I have rarely met an enthusiastic visual merchandiser, who wasn’t also an enthusiast of the products they work with, and the customers they try to please and inspire. Most are very adept and comfortable talking & demonstrating to customers the features, benefits, and the beauty of products.

Visual merchandisers are product people, but they are also categorically people people. You could not wish to find a more gregarious group of people. The ‘Craic’ at the recent ‘International Visual Display Conference’ in Dublin, lays testament to that.

Whilst most retailers are growing to realise the importance of the new ‘Community’ hub in their stores, it is not always as easy to work out how to engage and interact with the customer, and who should do it. For sports & fitness brands such as Sweaty Betty & Lululemon, rolling back the fixtures to make space for yoga lessons held by local instructors is an excellent initiative but for retailers without such a clear lifestyle opportunity, brands need to be a little more creative, and discover the skills and enthusiasm from within their own existing ranks.

Interactive workshops and customer activities, anything from lessons in how to dress, how to coordinate, how to make a fashion statement, how to ‘wear your wardrobe’, to teaching how to repair, to up-cycle to create new products from old. These are all well suited to visual merchandisers, who could drive traffic to shops, and inspire loyalty in customers.

Add to this the opportunity for visual merchandisers to evolve naturally into the role of stylist, the role of personal shopper, and even a one-to-one confident for special customers. Working across both the physical store with the physical customer, and via Zoom link from the shop’s personal video studio, or even into the homes of special customers.

There is a significant shift in how customers are dressing, the confidence that they have as individuals or through influencers to make their own decisions on what clothes to mix & coordinate. This is a more personal and spontaneous approach to styling and visual merchandising. It happens more on the body than in window displays or mannequins, and it relies less on a structured visual plan from buyers and merchandisers, and much more on the dynamic response of the customer community.

For visual merchandisers this is the opportunity to evolve from simply recreating guidelines from head-office teams to a more spontaneous approach, creating new and different looks for each shop profile, in situ, supported by daily sales figures, and inspired by the requests and conversations with customers. For many visual merchandisers who have been constrained in their creativity by corporate regulations and display rules, this potentially could unleash a wealth of inspiration for customers.

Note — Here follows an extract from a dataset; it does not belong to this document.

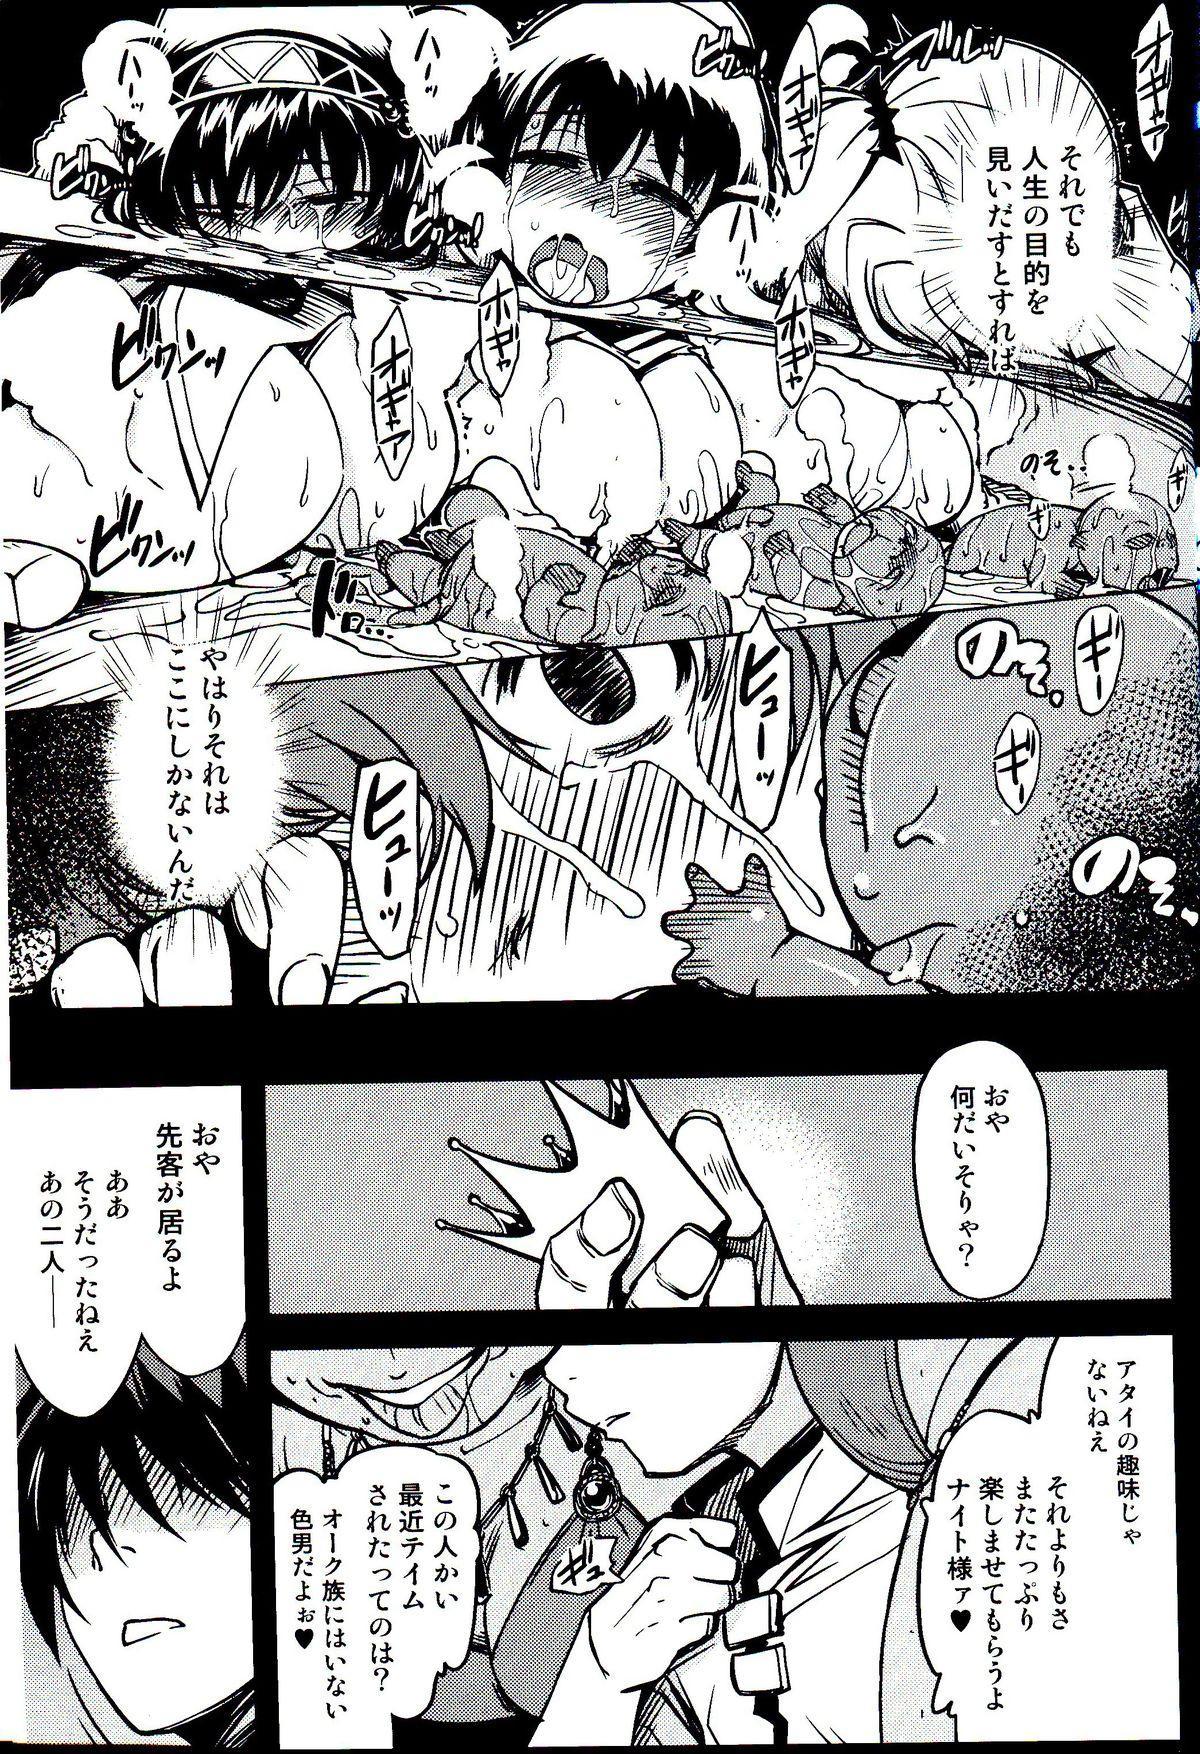 Hime Kishi Tame 3 46
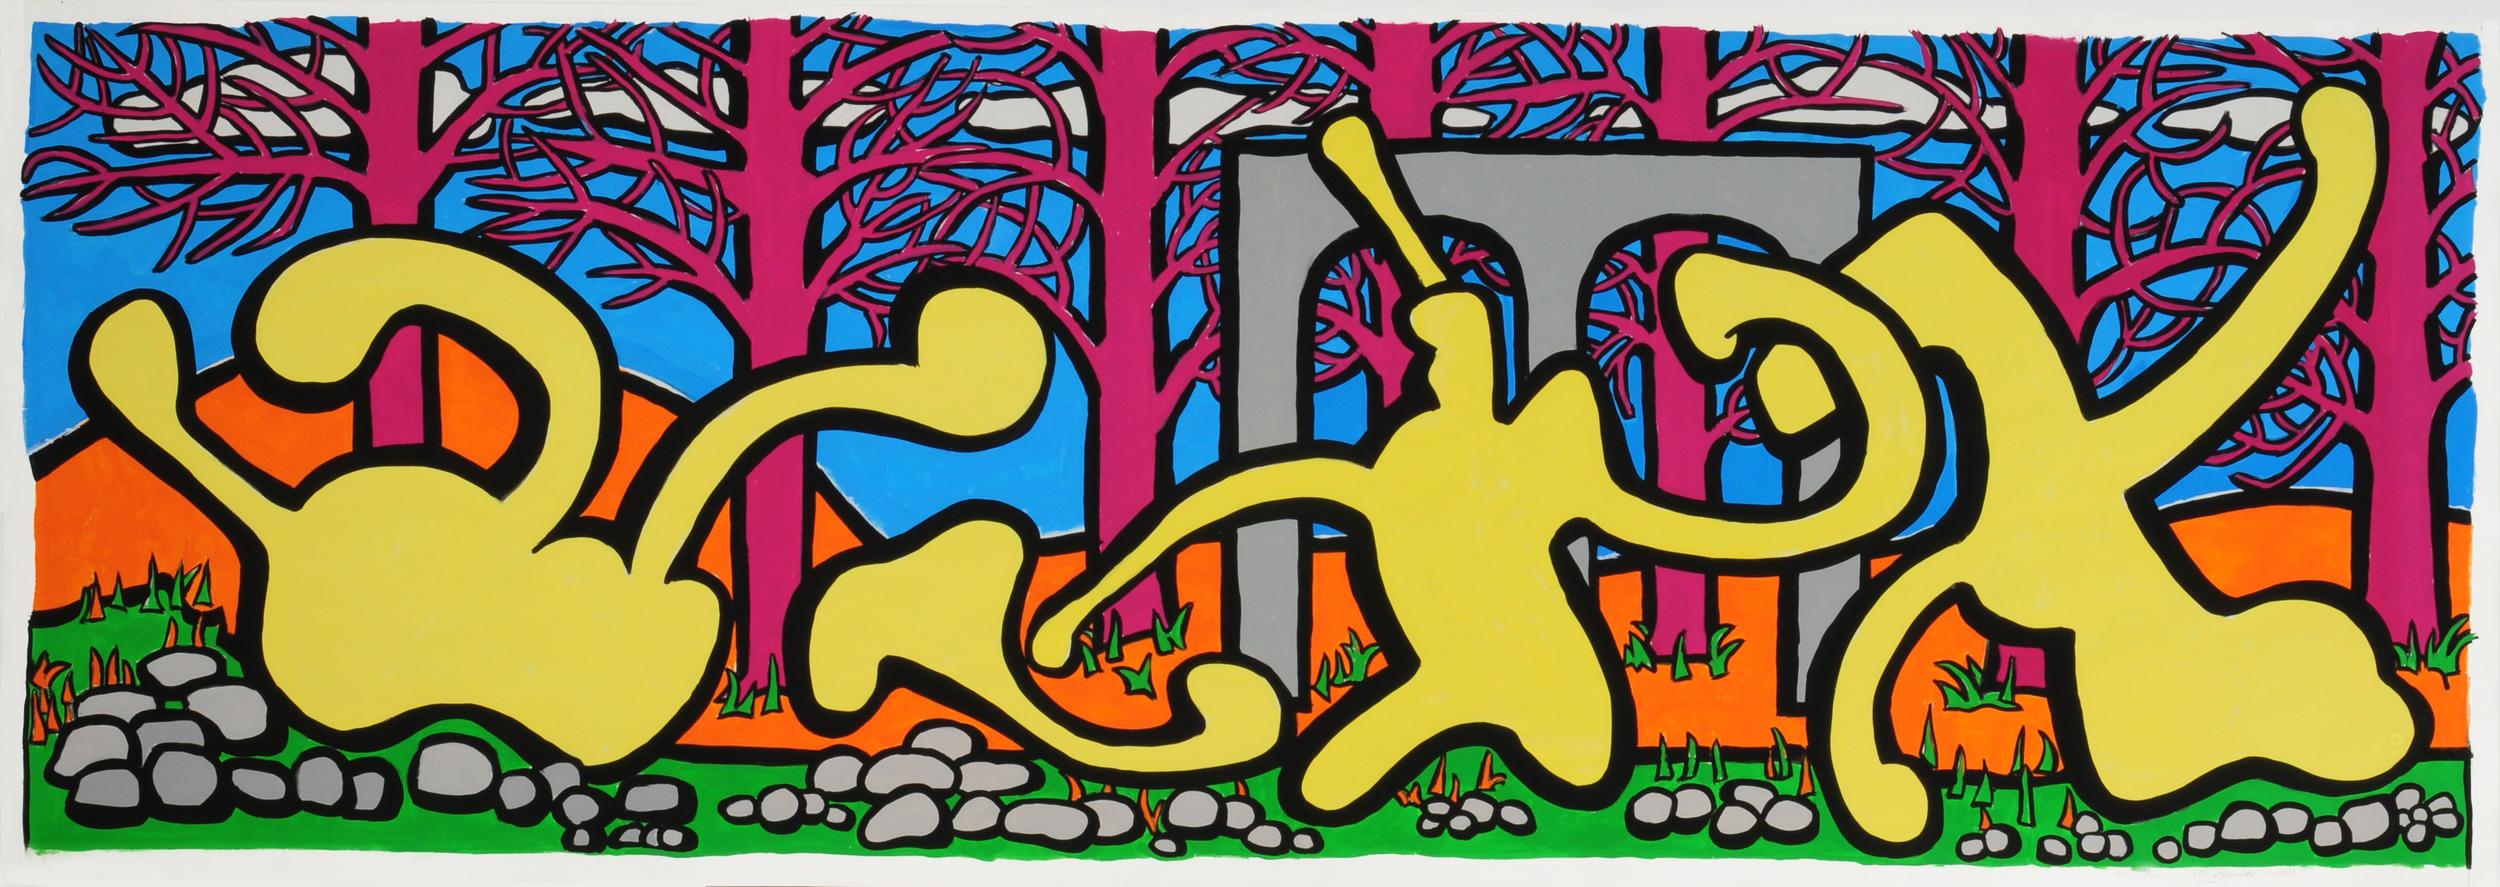 "Visitors III , 36"" x 102"", gouache,2011"

Does this sound exciting and fulfilling? How many visual merchandisers would be liberated and regenerated by the opportunity to work not only with mannequins, but also with real flesh & blood and the personalities inside them? How many retail CEOs would, and should, jump at the opportunity to increase their sales by allowing this important resource to inspire customers, generate revenue and build personal customer loyalty?

The pragmatic and short-sighted alternative is to simply manage chains of shops, each with less product, each with apparently less justification for dedicated visual merchandisers. The operational viewpoint, to spread their VM resources across more stores. More hours on the road and less on the shopfloor, more remote guidance than hands-on inspiration.

Would visual merchandisers themselves prefer to be spread cost-effectively across more stores? Or would they like to be embraced as a rich resource, that can bring shops, customers, and communities alive, and satisfy the new role of the physical shops, the need for retail brands to delight and transform in front of customers eyes, and to respond to their new dynamics and spontaneous customer lifestyles?

I have personally always viewed visual merchandisers as worth their weight in creative and commercial gold, but many hard-nosed retail businesses will think more pragmatically. In this new retail world, the old battle to convince boardrooms of the commercial value of visual merchandisers is set to continue with more passion and conviction than ever.